I came up with a few possible theories about what this statement about creeds meant:
- The content is bad. Those specific creeds were wrong, but creeds in general might be OK. They were abominable because at some point, leaders in those religions codified their wrong thinking about God into a creed to force their flock to believe a wrong thing. They did this on purpose to win an argument or force their incorrect ideas to live on, even after they were dead. They did it for political or personal power.
- Creeds are inherently bad. The creeds were fairly innocuous as they go, not specifically nefarious in content, but an abomination in trying to define what is ineffable, like handing someone a testimony to read at fast & testimony meeting rather than allowing them to express what they truly believed. The existence of a creed was like being forced to wear and rely on a prosthetic limb when you had two perfectly good legs. It replaced what worked better. It was a substitute for personal revelation, one that was controlled by long-dead church leaders who may or may not have gotten things right. Having any creeds at all distances one from God and from personal spiritual experiences by forcing someone else’s words into your head, another human’s ideas.
My last thought was this:
- Creeds are inevitable. If you give a religion enough time, we all eventually go the path the Catholics have trod; the only difference between Mormonism and Catholicism is time. Mormonism had the benefit of being a fairly new religion that hadn’t gotten big enough to need to define or control its members’ beliefs, and we have such strong views on personal revelation and individual testimony-bearing that recited creeds aren’t an obvious, natural fit. Eventually, you have to do this or you go through schisms and heresies and your doctrine is not consistent. You lose the script. Or conversely, you eventually go through this because some people just eat that stuff up with a spoon. They love the Pledge of Allegiance. They get jazzed about all the Young Women reciting a values statement. It’s not my jam, but for some it’s a patriotic duty, as American as apple pie. Bruce R. McConkie went so far as to dissect and define what constituted a “proper” testimony. That may not be an actual creed, but it’s dang close.
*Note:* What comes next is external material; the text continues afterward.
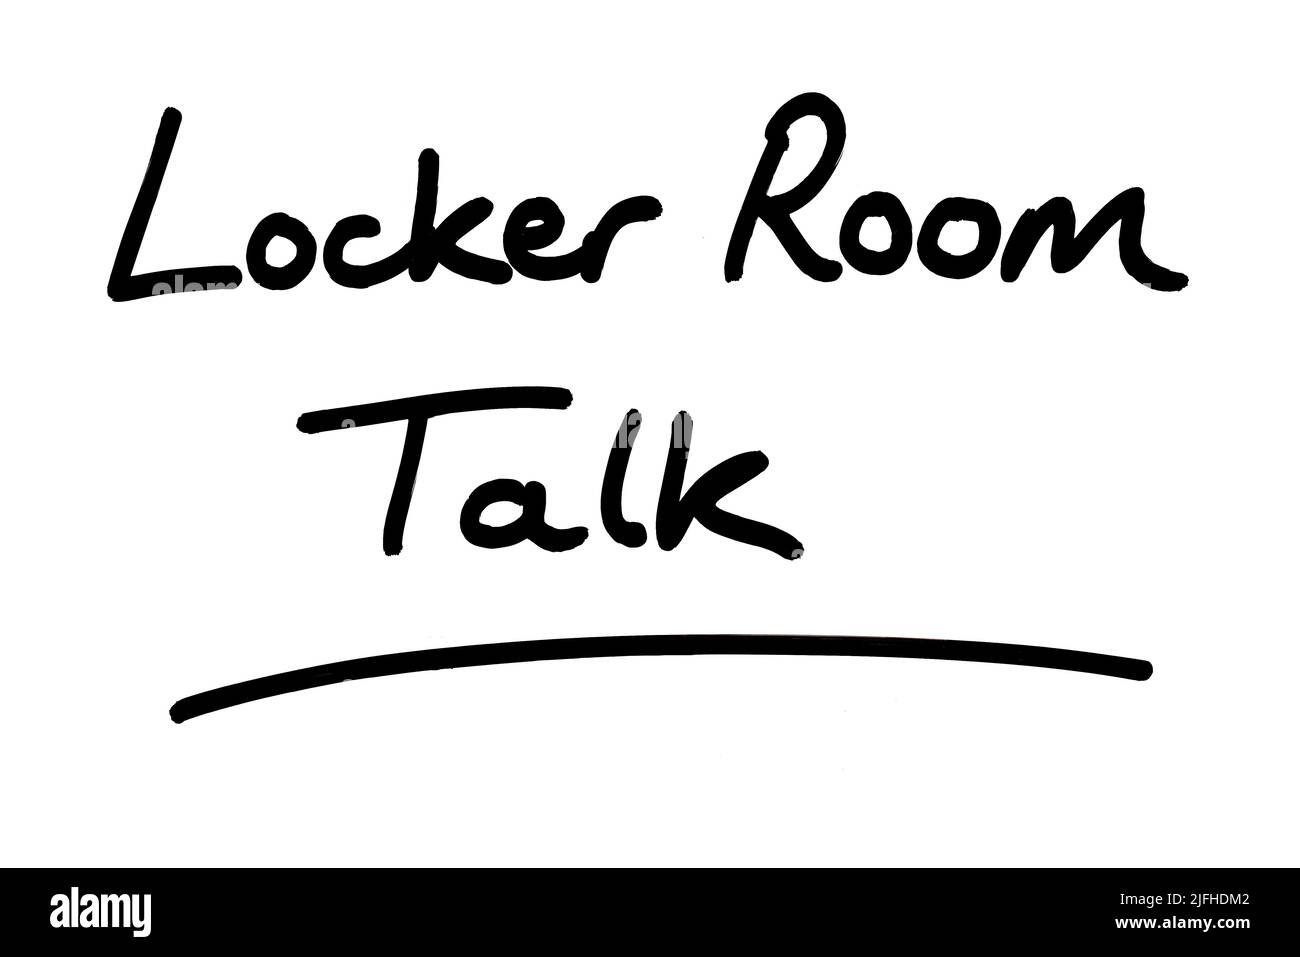 Locker Room Talk, handwritten on a white background. Stock Photo
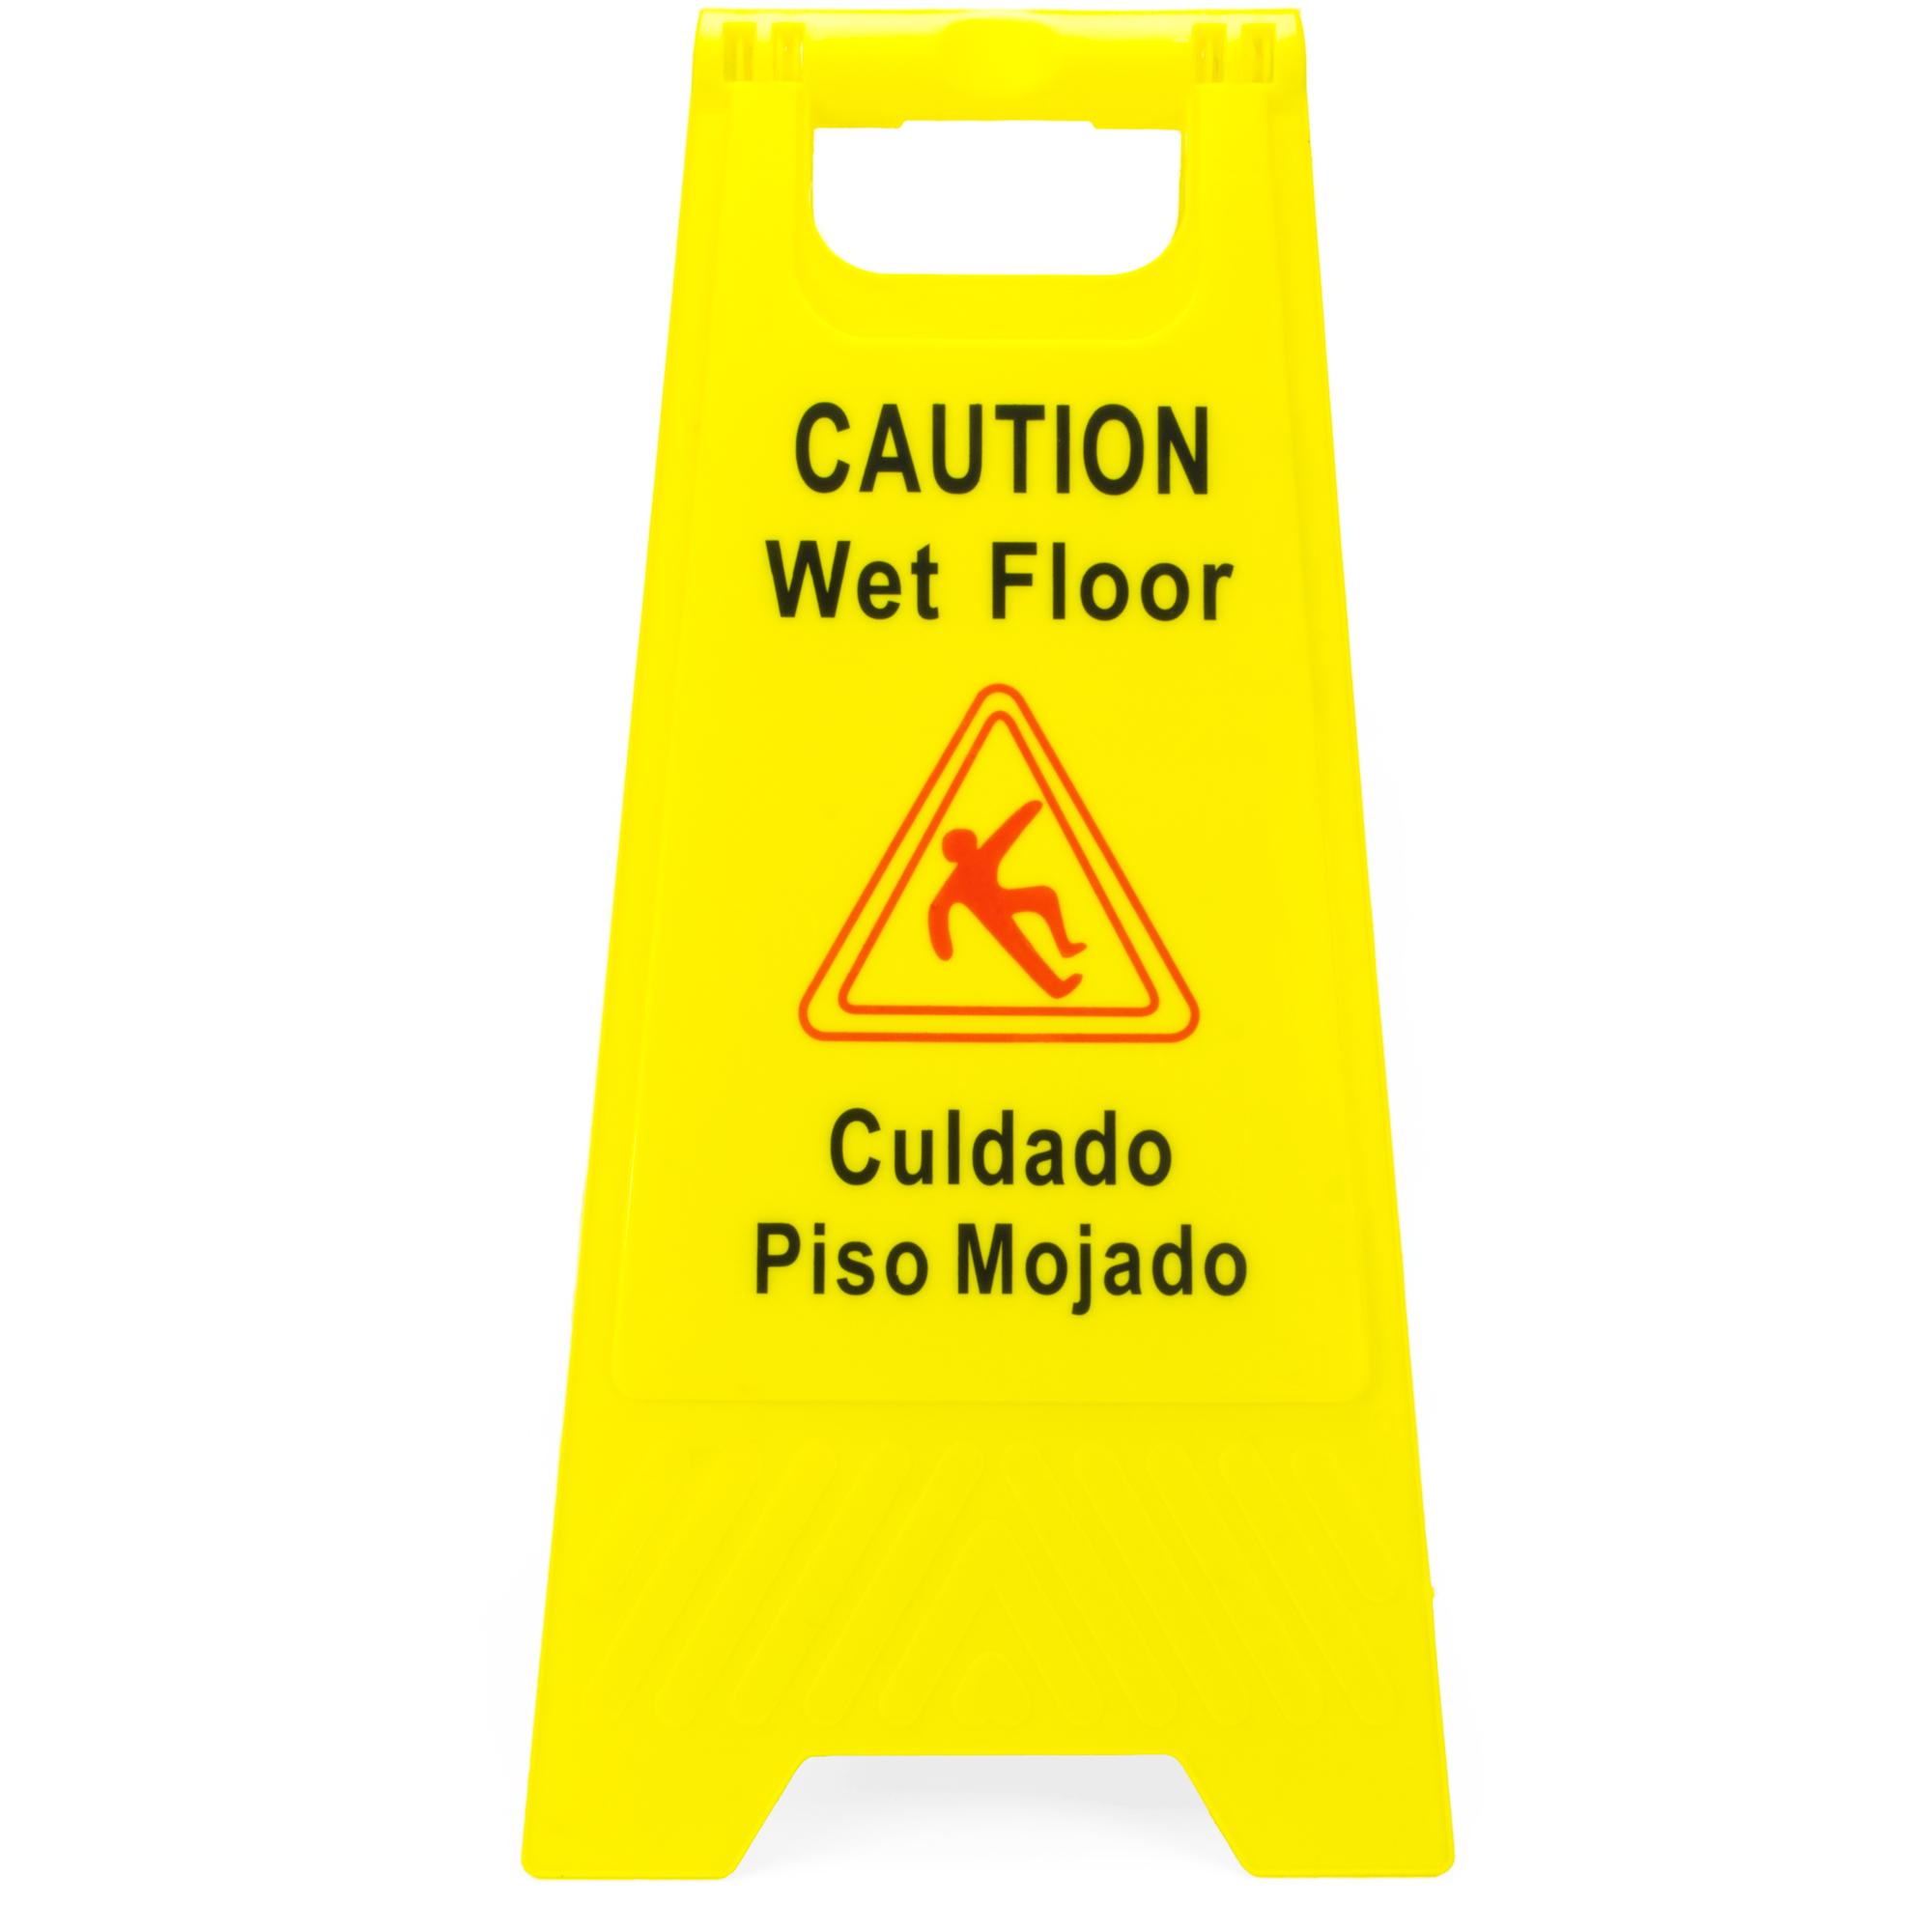 Caution Wet Floor Sign, English & Spanish

Several years ago, I attended an incredible evensong at Westminster in London. As part of the service, the congregation had a printed card on each seat with the Apostles’ Creed written on it for us to recite in unison. I was rather uncomfortable with this form of high worship that was so unfamiliar, although the evensong itself blew me away. I didn’t really find anything objectionable to the content of the Apostles’ Creed. It just was weird to me to recite a statement of belief that wasn’t in my own words. When we got to this part, I knew I defined words a little differently than most others there, but it still worked:
I believe in the Holy Spirit,
the holy catholic Church,
the communion of saints,
To me, as a Mormon, the communion of saints meant church members meeting together as disciples and taking the sacrament. The word “catholic” just means something general, for all the people, or so Don Novello (playing Father Guido Sarducci) said in a Saturday Night Live Sketch once, and ever since then I’ve just thought of catholic by that definition, meaning roughly all-inclusive or including many things and people. I also associate it with chain smoking. Thanks, Don Novello.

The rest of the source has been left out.